We have experienced a change in the nature of activity in Mergers and Acquisitions. The overwhelming number of transactions seems to be driven by aggregators who are backed by private equity or are privately held or publicly owned companies that make strategic acquisitions designed to grow their top and bottom line revenues. This revenue growth comes from the synergies potentially realized by acquiring competitors or provider companies (i.e., those companies that supply services/products in the vertical and horizontal markets that serve the acquiring company).

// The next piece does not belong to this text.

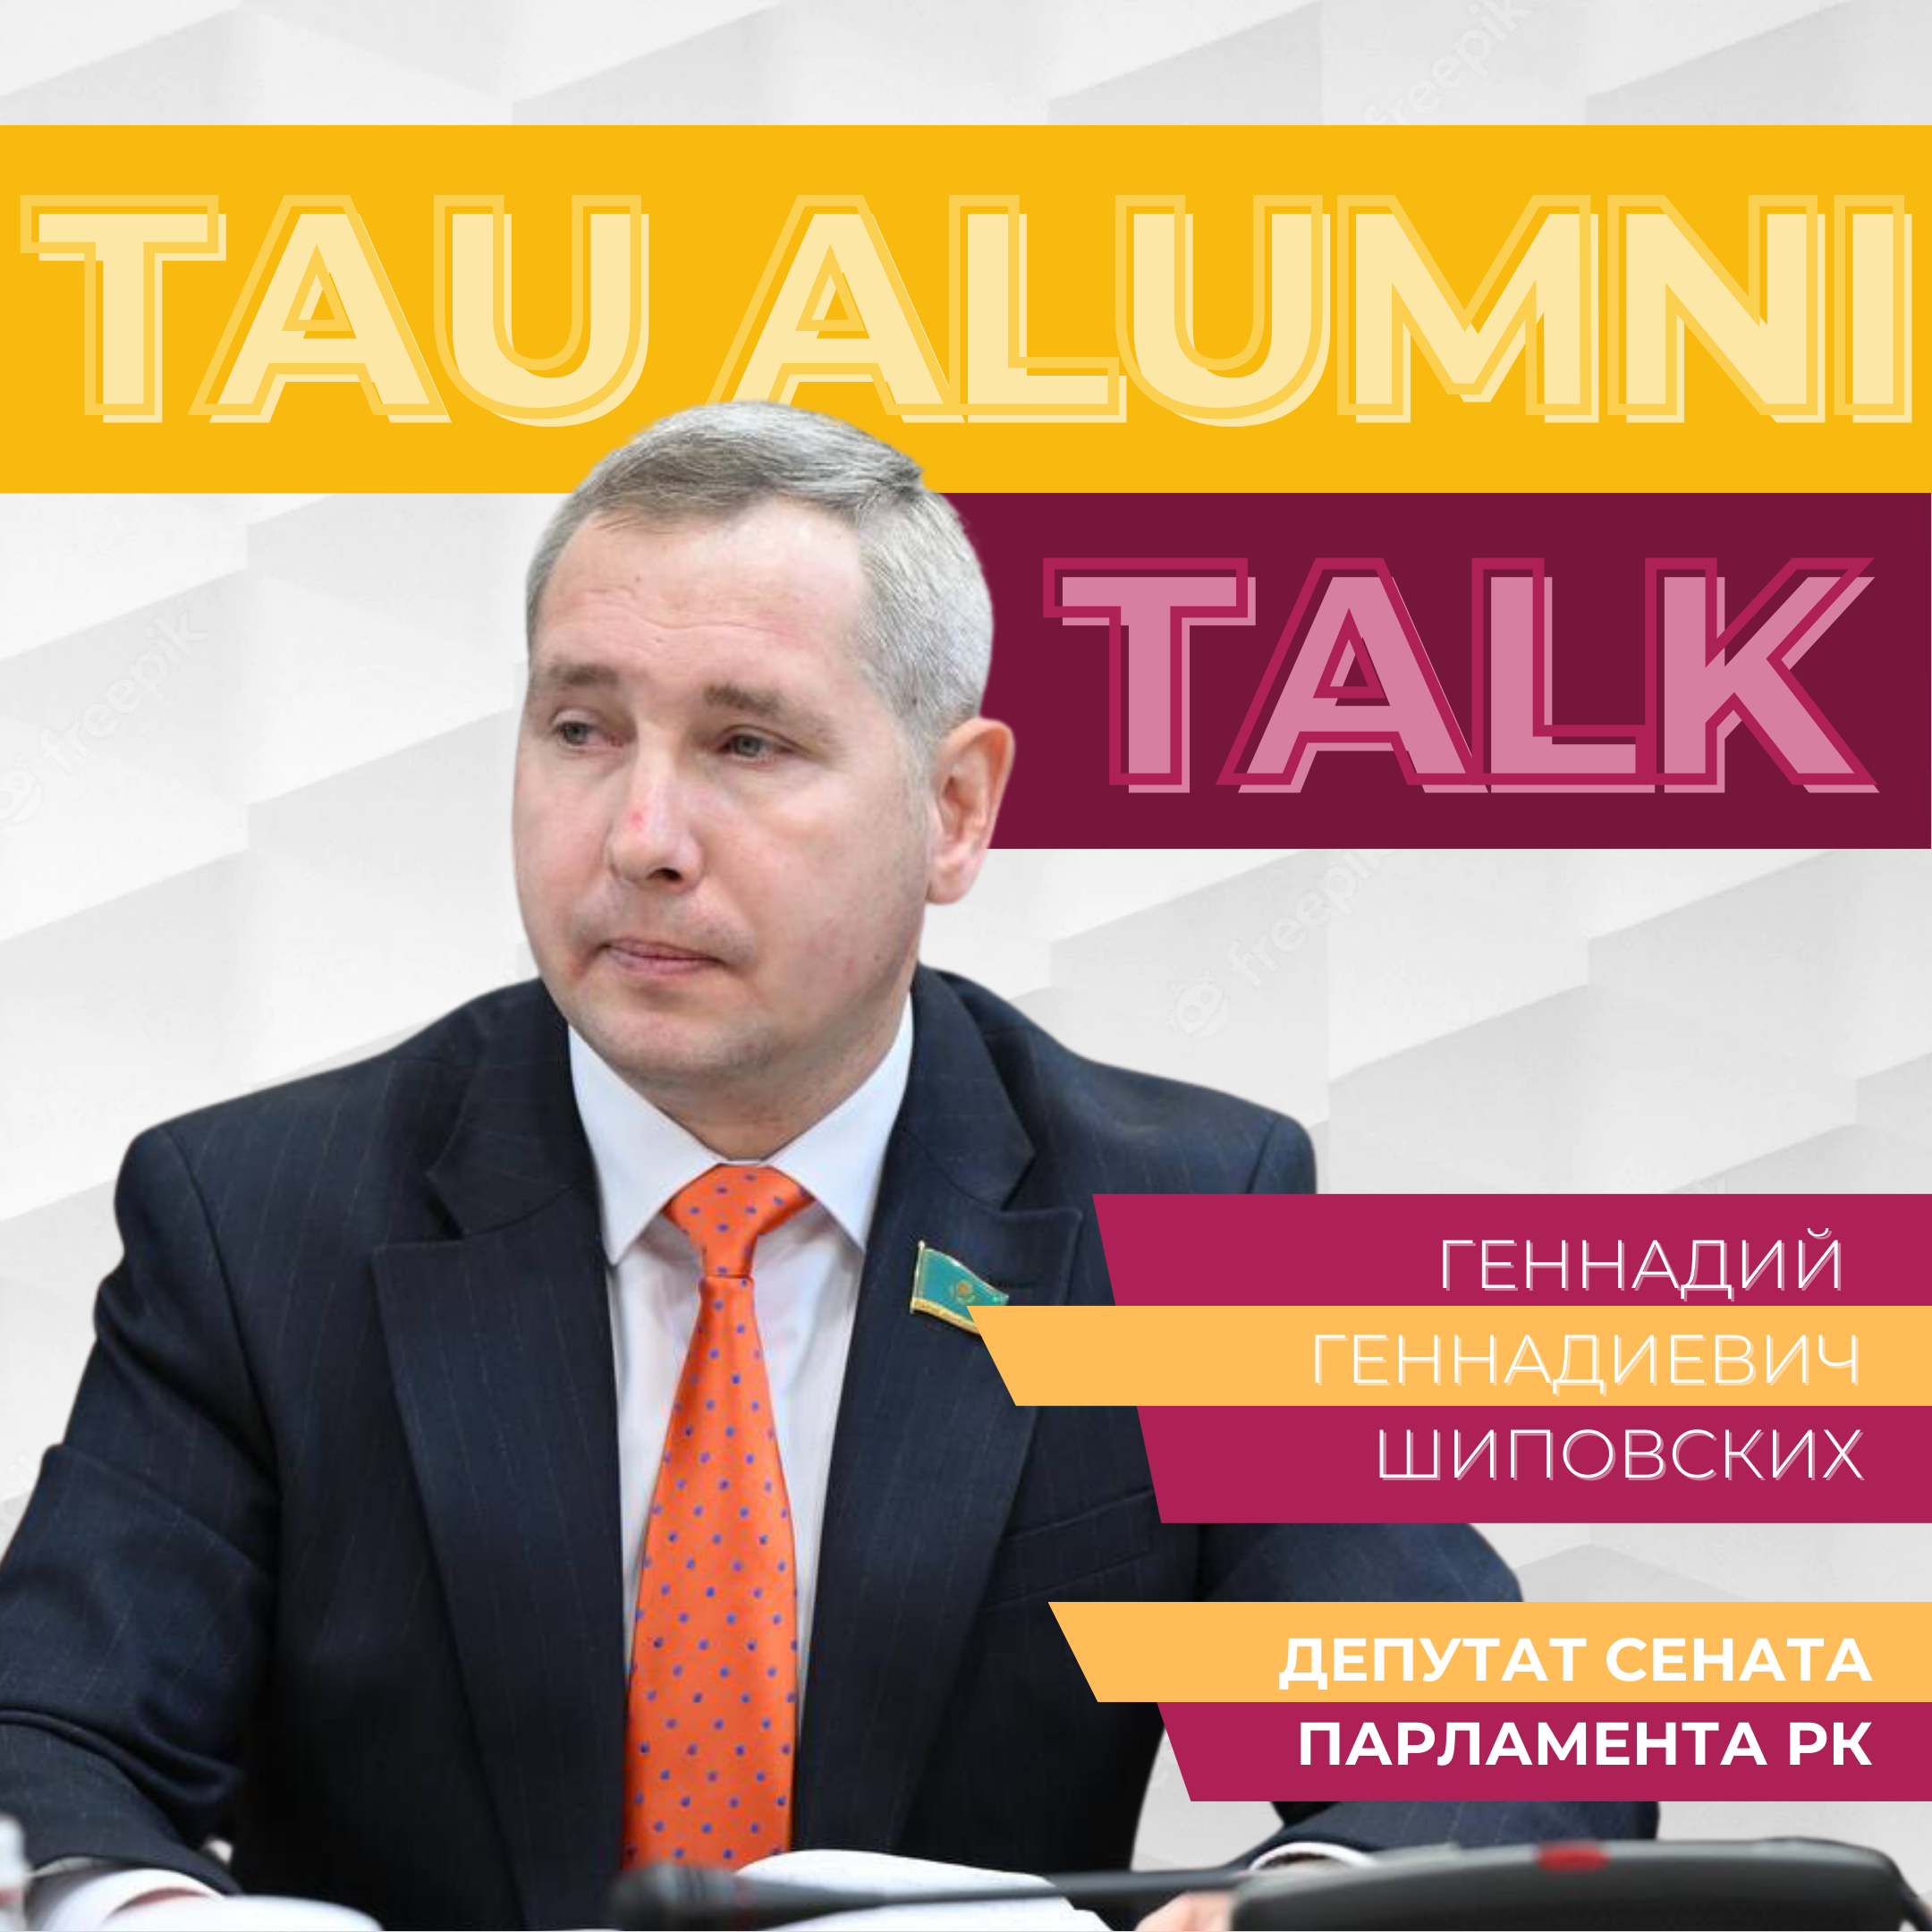 Alumni Talk с Геннадием Геннадиевичем Шиповских

This shift has come about because of the financial and economic downturn that has existed over the last 4-5 years. Companies that have succeeded in trimming their excesses and in creating increased profits out of decreased or stagnant revenues, have finally realized that the market will more than likely continue along this trend, at least over the next few years, even if it’s moving toward recovery. Flushed with cash, and this realization, they have turned to the strategies outlined above. Two observations: first, this has produced relatively good multiples for the sellers who are the targets of these acquisitions, primarily because they are seen as “the best of the best” in their respective industries; second, this acquisition strategy has made it more difficult for the frail to compete and survive. Consequently, since many of these weaker companies are owned by baby boomers, it leaves their owners with little value in their businesses to fund their retirement.
Unfortunately, this appears to be a trend that will continue into the near future. During this time, many of those baby boomer businesses will falter. This filtering process is not new, but it does affect an inordinate number of small businesses. This, of course, will adversely affect employment as these small business owners will have to terminate employees who they can no longer afford to employ.
Ultimately, if left alone without excessive government intermeddling, the market will self-correct over time.